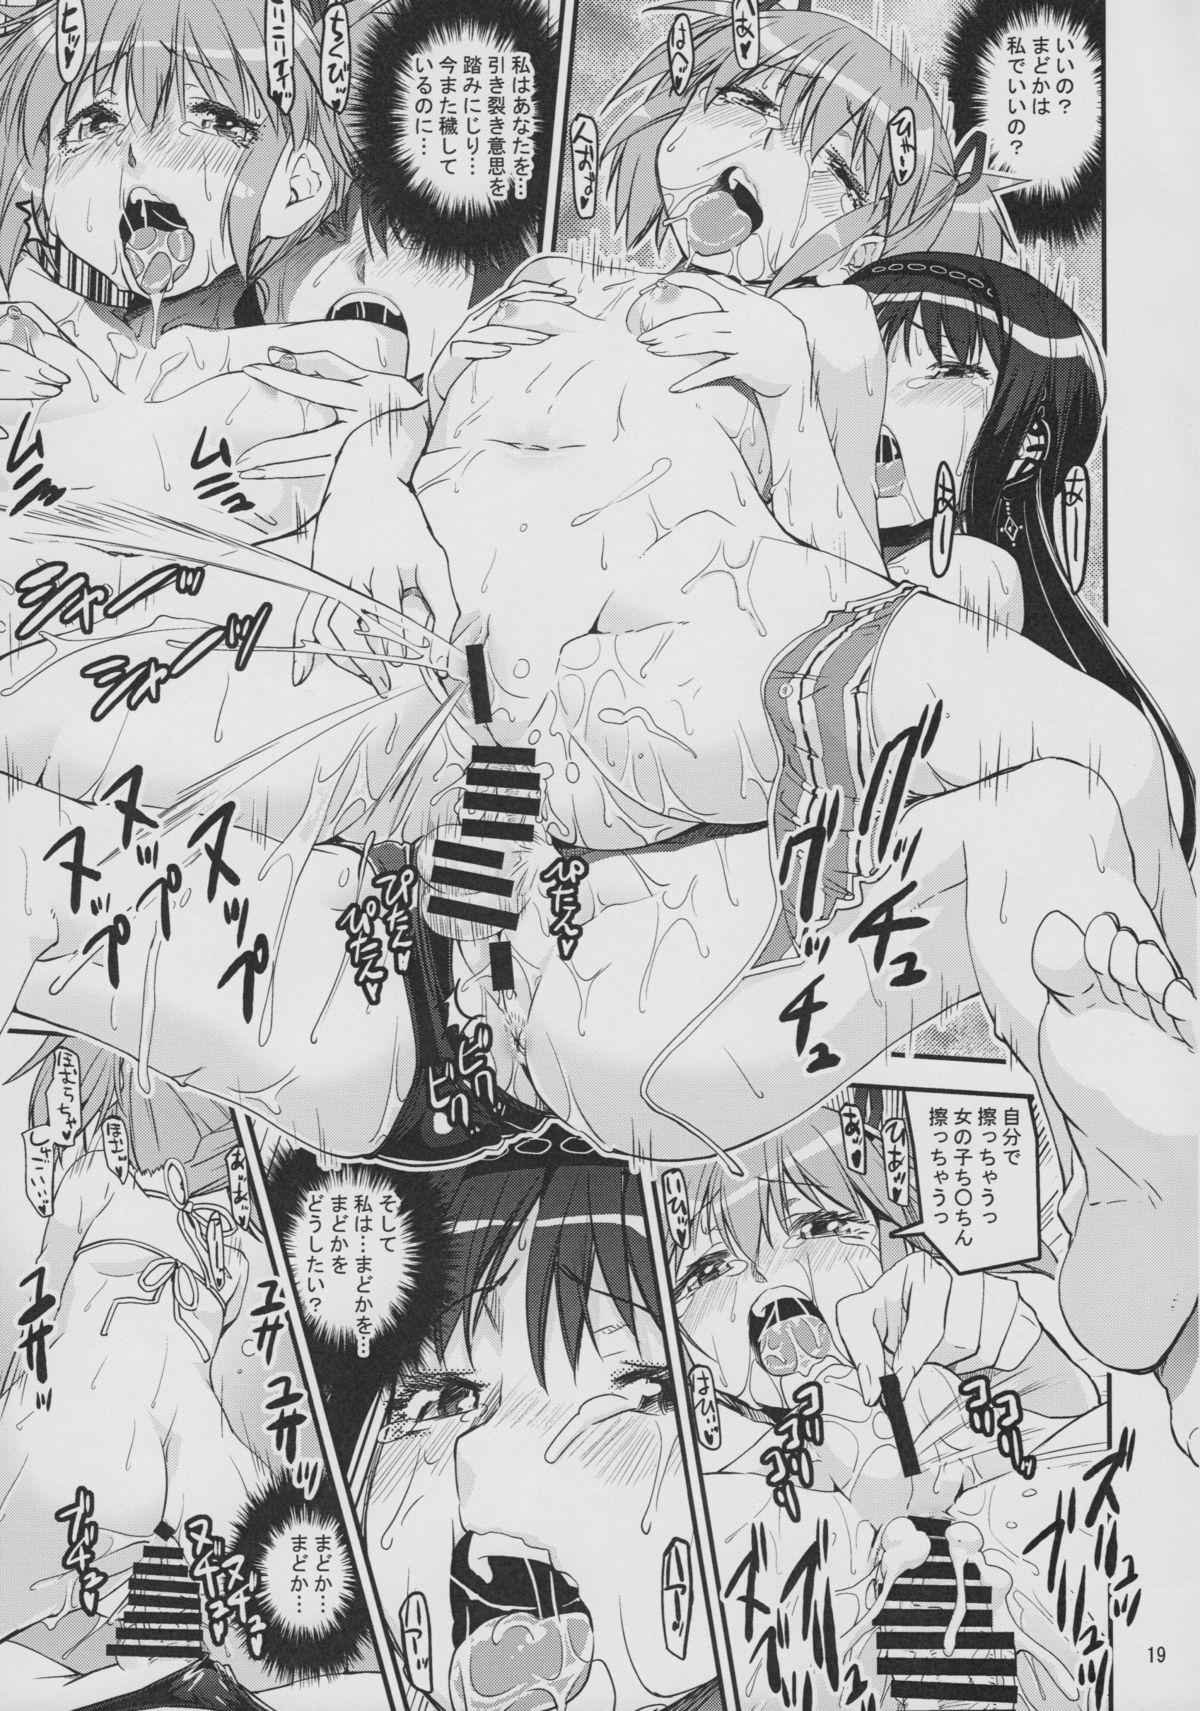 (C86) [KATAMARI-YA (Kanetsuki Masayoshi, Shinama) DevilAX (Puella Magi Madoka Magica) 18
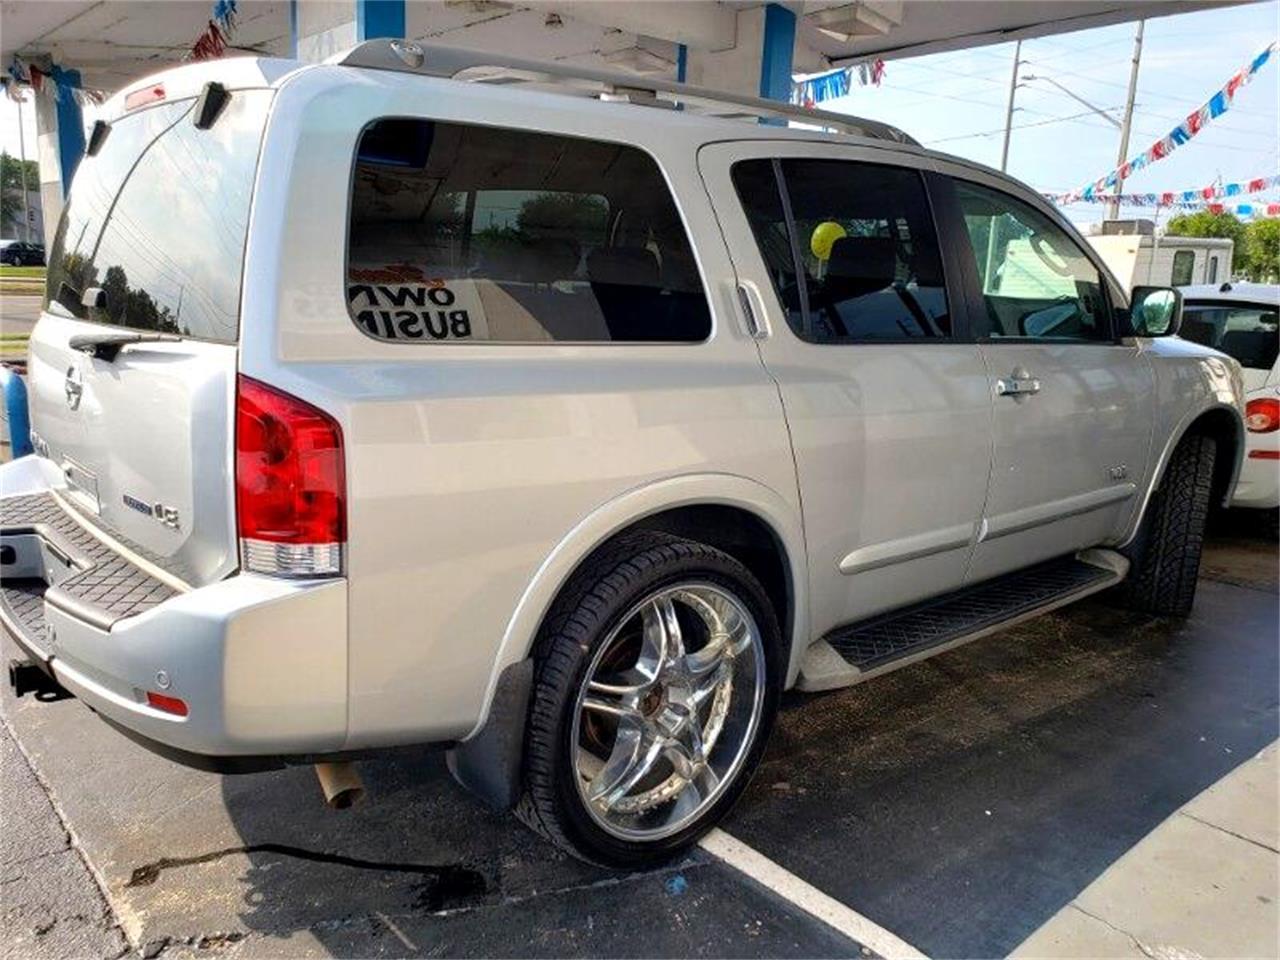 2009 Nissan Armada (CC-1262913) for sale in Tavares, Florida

.....

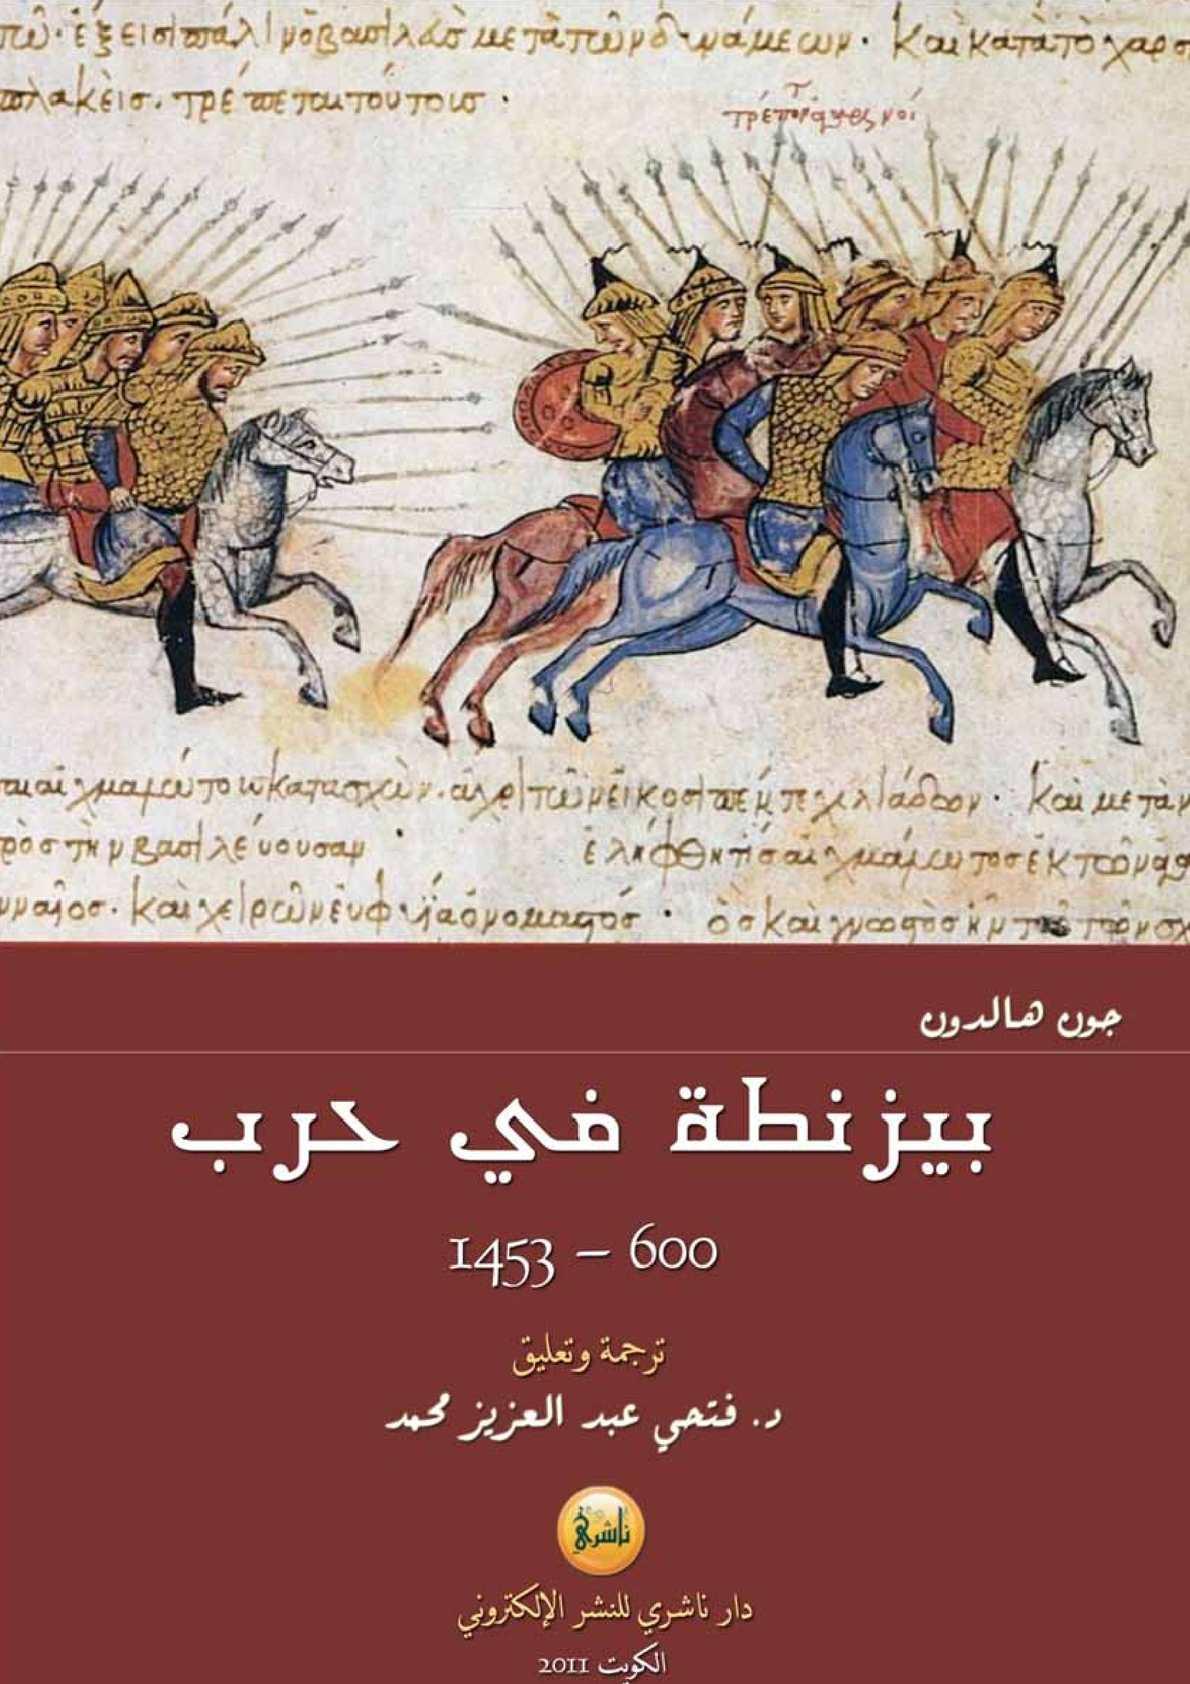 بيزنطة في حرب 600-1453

.....

Skip every picture, and restate word for word only the lines above from the line containing "(C86) [KATAMARI-YA (Kanetsuki" to the line containing "2009 Nissan Armada", both of them included.

FINISHED TASK:
 (C86) [KATAMARI-YA (Kanetsuki Masayoshi, Shinama) DevilAX (Puella Magi Madoka Magica) 18
 2009 Nissan Armada (CC-1262913) for sale in Tavares, Florida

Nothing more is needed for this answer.